Ah. Now she knew what was happening. He’d played this same card previously, the last time an Underground attack had been looming.
She put her hands on her hips and pushed out a breath. “The night you went into Benedikte’s Underground . . . Before you left, you tried to make up for all your missteps with me, just in case you got walloped in the confrontation. And you finally told me most of the secrets you’d been keeping because you thought the hunt was over and it was too late for me to leave you in the lurch by getting angry and deserting the team.”
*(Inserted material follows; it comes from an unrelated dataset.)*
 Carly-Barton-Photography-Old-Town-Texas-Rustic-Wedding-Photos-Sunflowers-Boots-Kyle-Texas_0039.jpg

“You believe I’m doing the same now? That I’m about to tell you all the hidden, dark secrets Jonah hinted at because I fear you won’t return after tonight? Or that I will never see you again if I should go into this lair, myself, soon afterward?”
“I’m just calling a spade a spade.”
“Dawn.”
He walked toward her, then stopped far enough away to keep his control. But he was near enough for her to see in the simmering gold of his eyes that the primal tang of her sweat from the workout turned him on.
The yearning for him speared her, too, a thrust of sharp heat every time his ab muscles clenched during a breath.
His body—Jonah’s body—still functioned on so many human levels, like breathing and pumping blood. Yet as a vampire, there was a sheen to him that made her stare, made her want.
And it was wrong to want someone who fed on her blood. It was also wrong that she didn’t care about dying tonight so much as what might happen if she left Costin to fight without her.
Not that he hadn’t done pretty well on his own throughout the centuries, but she was “key” to his endgame.
Or maybe she just wanted more than anything to believe that Dawn Madison, who’d been so unneeded all her life, had finally changed that.